Good luck with your decison.

Sanita


----------



## HHH (Nov 13, 2004)

HI joraine

my best advice is get in touch with your local adoption agencies and discuss your situation with them. They are pretty thorough and will explore all the things you've pointed out. We have found our Social Worker very upfront in pointing out things that could be an issue and discussing ways of working through them.

Good luck with your next step

HHH


----------



## FairyDust2012 (Jun 5, 2007)

> A one bedroom house would not be big enough and you would need to move. Depending on how many children you adopt and how needy they are you may get financial help with moving or priority with a housing association for a larger house.
> 
> Good luck with your decison.
> 
> Sanita


hi i just wanted to add that a couple of years ago my husband and i was in the same boat looking to foster..we contacted the foster board, filed references from family and friends etc only to be told that even though they were desparate for foster parents they would not beable to help us with housing issues and so we contacted our housing association and they said they couldnt do anything enless we actuallly got the child(ren). We were distraught and had to end our application!!
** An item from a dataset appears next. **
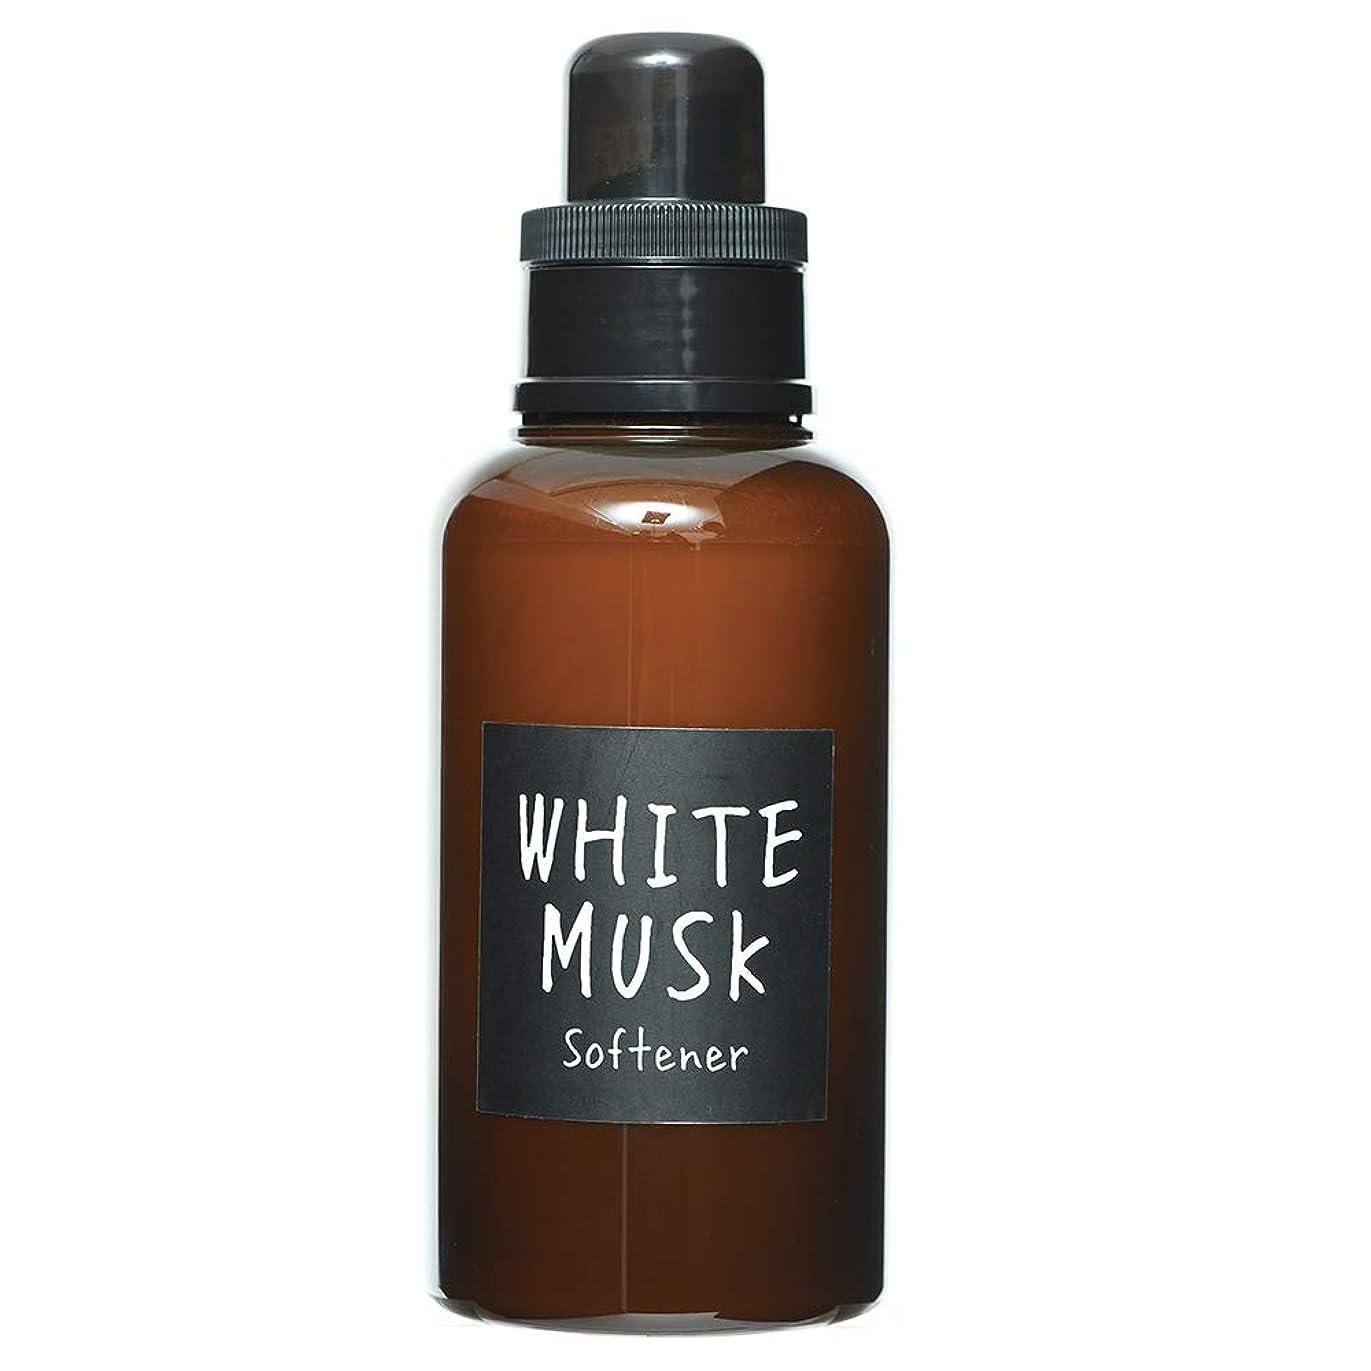 シネウィ導入するじゃないジョンズブレンド 柔軟剤 ソフナー 510ml ホワイトムスクの香り OA-JON-15-1

Now in a better position we are looking into private renting and hoping we can apply again!

I just wanted to wish u all the best xxxx


----------



## ♥ M J ♥ (Apr 17, 2004)

Hi SM

We were in a situation likes yours a while ago, we lived in a 2 bedroomed house which was being brought by the council (we were private tennants) due to us going through the adoption process we needed to move ASAP so not to hold up approval, we wanted to be able to adopt 2-3 siblings so would need a 3 bedroomed house, we had alot of probs getting there however now after alot of letters and stubborness we got what we wanted........now just waiting for children to fill our house up!

Good luck

xxx


----------



## ♥JJ1♥ (Feb 11, 2006)

My friend (single) has been approved to adopt and she has a one bedroomed house, they said that it was acceptable for a baby up to the age of 2 to share a bedroom with her.

Good luck


----------